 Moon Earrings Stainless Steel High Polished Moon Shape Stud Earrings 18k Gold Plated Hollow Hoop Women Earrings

━━━━

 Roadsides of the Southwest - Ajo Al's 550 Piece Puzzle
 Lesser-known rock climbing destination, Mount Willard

━━━━

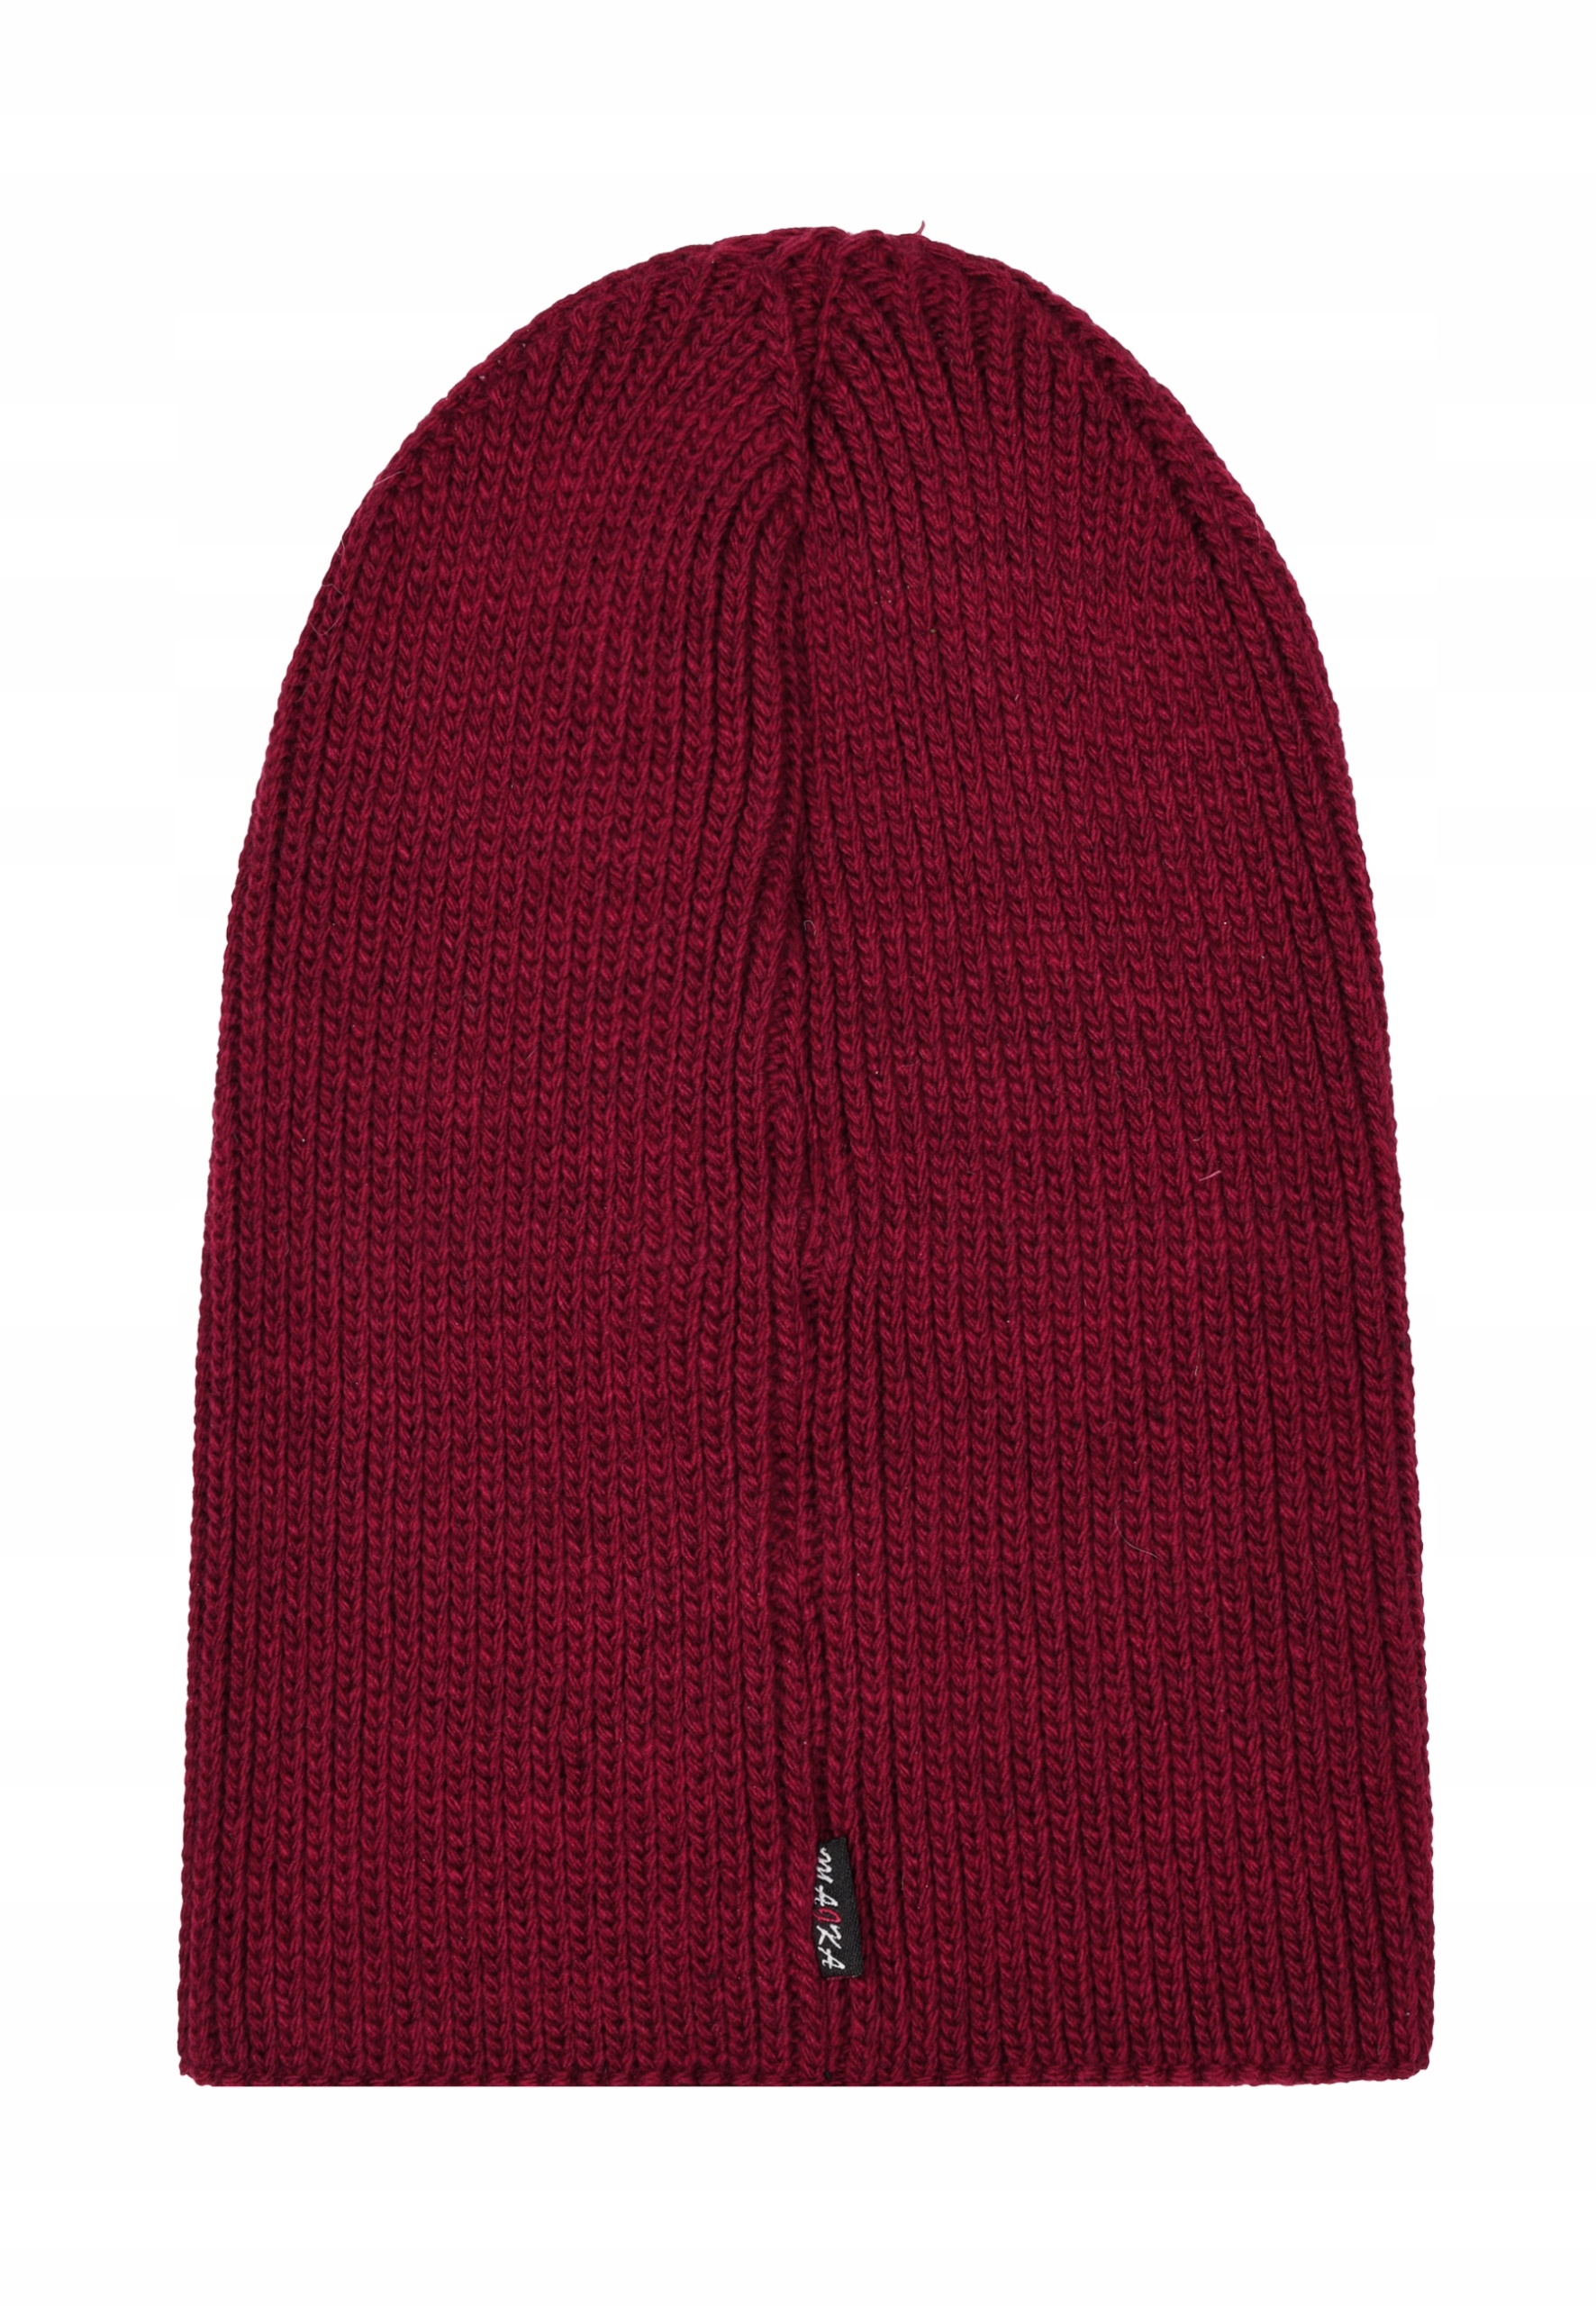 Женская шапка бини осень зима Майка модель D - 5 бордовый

━━━━

Activity
Look above for the line holding "Roadsides of the" and the line holding "Lesser-known rock climbing", then output exactly those two lines and every line between them, nothing more.

Response to the task
 Roadsides of the Southwest - Ajo Al's 550 Piece Puzzle
 Lesser-known rock climbing destination, Mount Willard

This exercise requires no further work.